* _What you have to do_:
Restate exactly, and only, the lines from the one with "Comfortable Sequin Wedge" through the end of the data, with both of those end lines kept. Drop any pictures.

* _Stored data_:

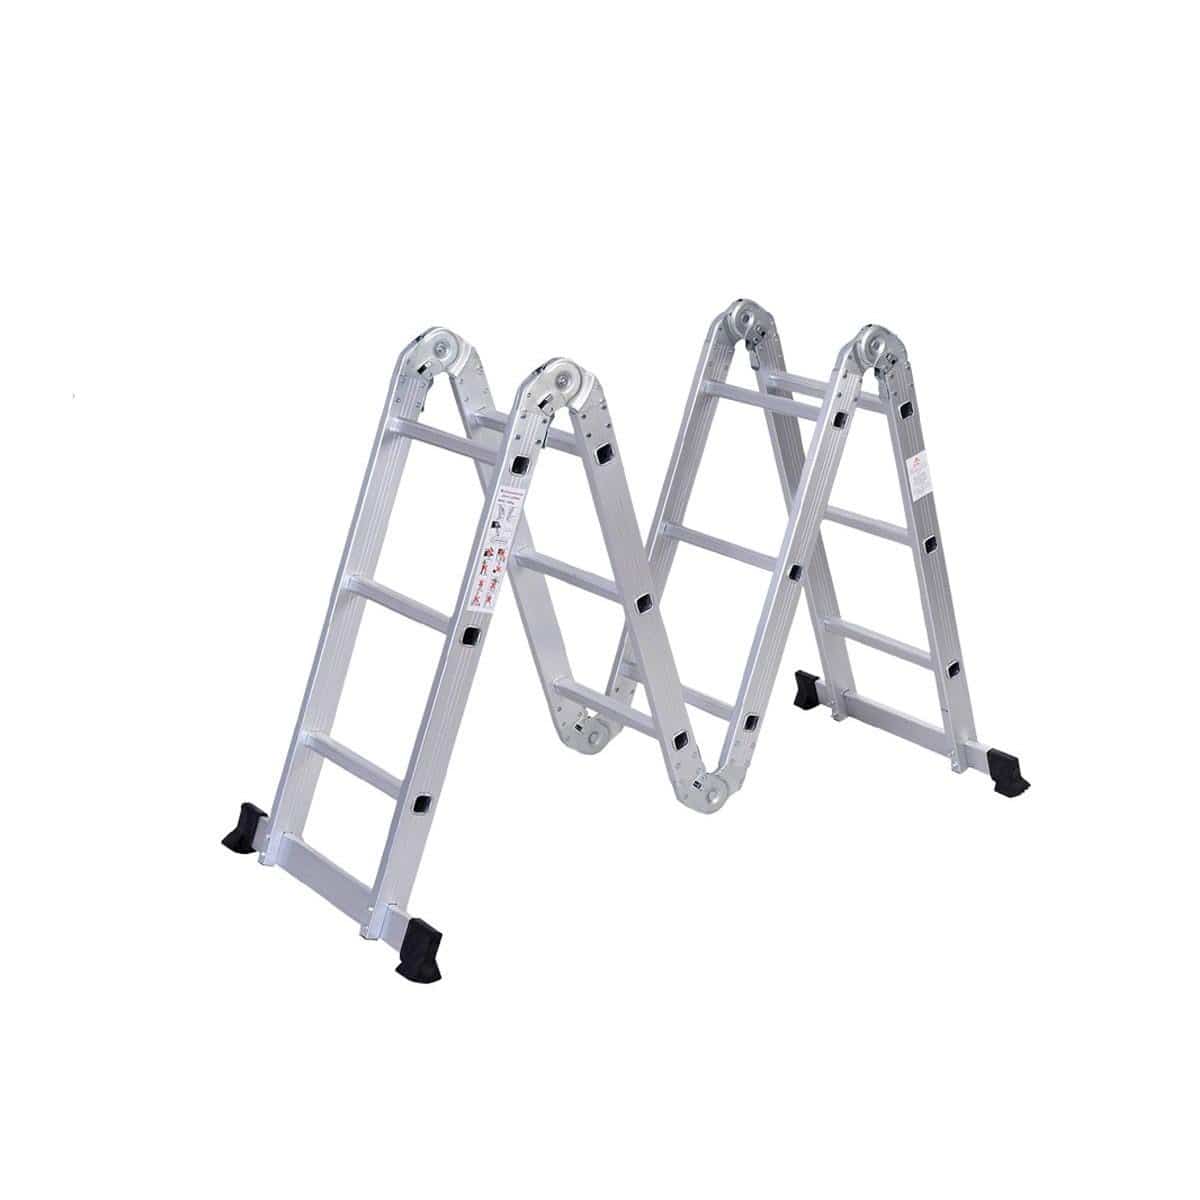 SUMO KING Heavy Duty Multi Purpose Ladder Flat Foot (16 STEPS)
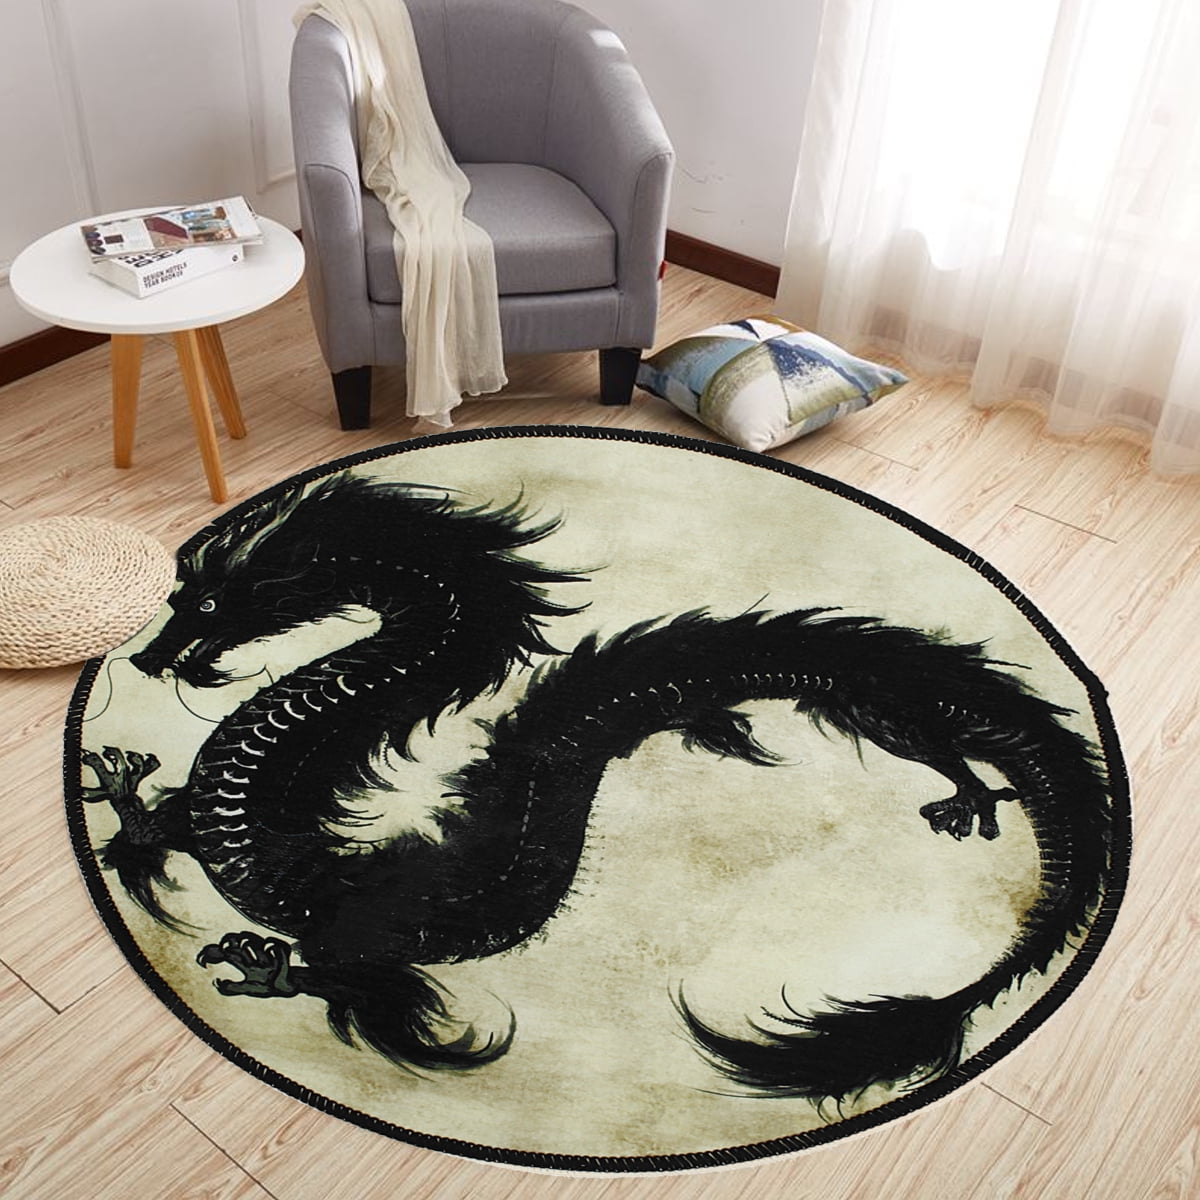 Oriental Black Dragon Non-slip Yoga Mat Room Floor Round Carpet Decor Area Rugs 
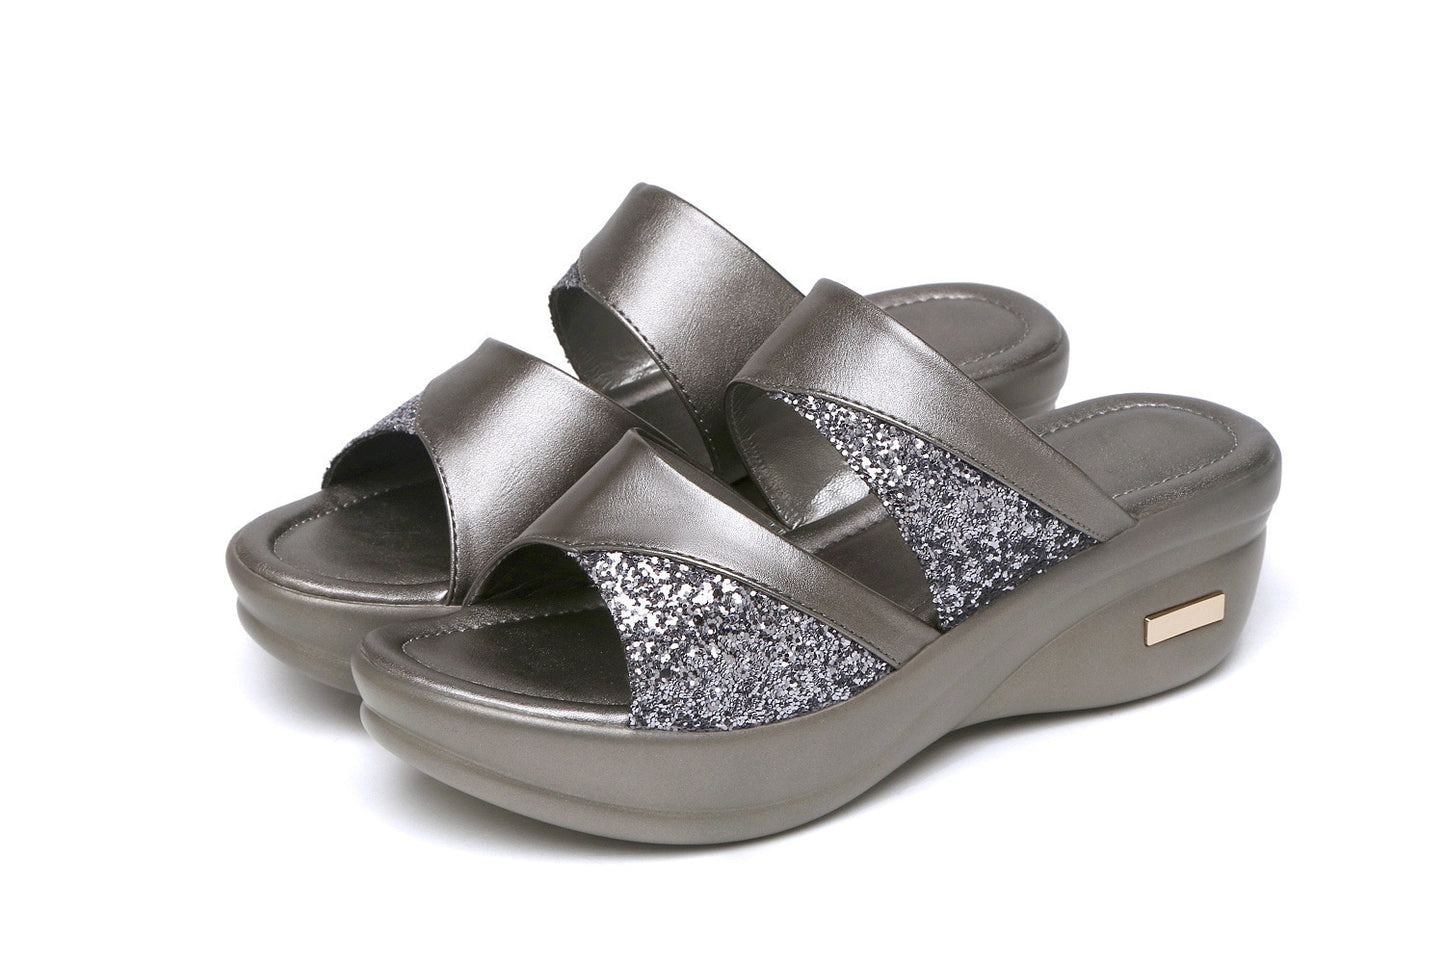 Comfortable Sequin Wedge Platform Summer Sandals
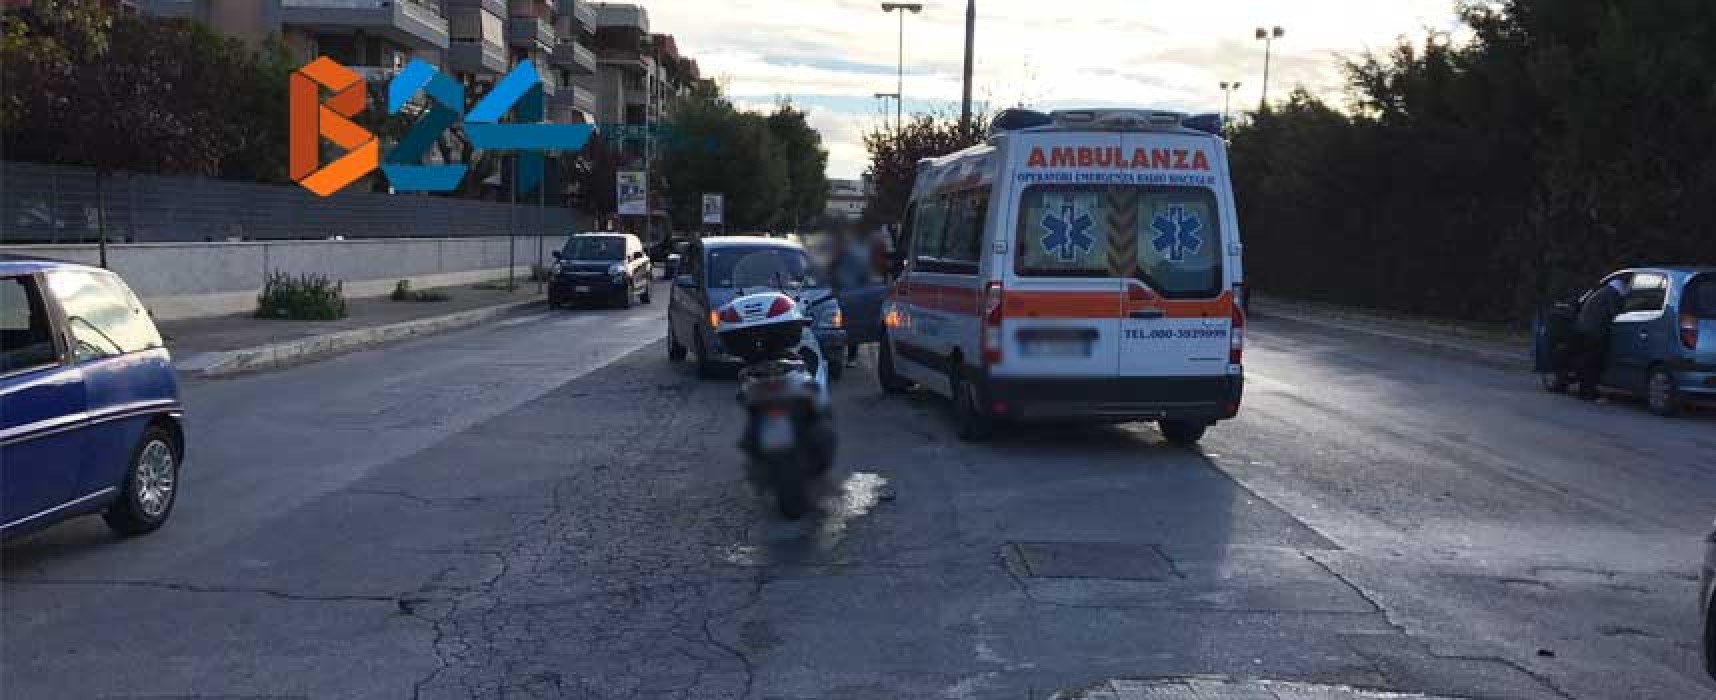 Incidente in via San Martino, motociclista al pronto soccorso / FOTO

* _Task solution_:
 Comfortable Sequin Wedge Platform Summer Sandals
 Incidente in via San Martino, motociclista al pronto soccorso / FOTO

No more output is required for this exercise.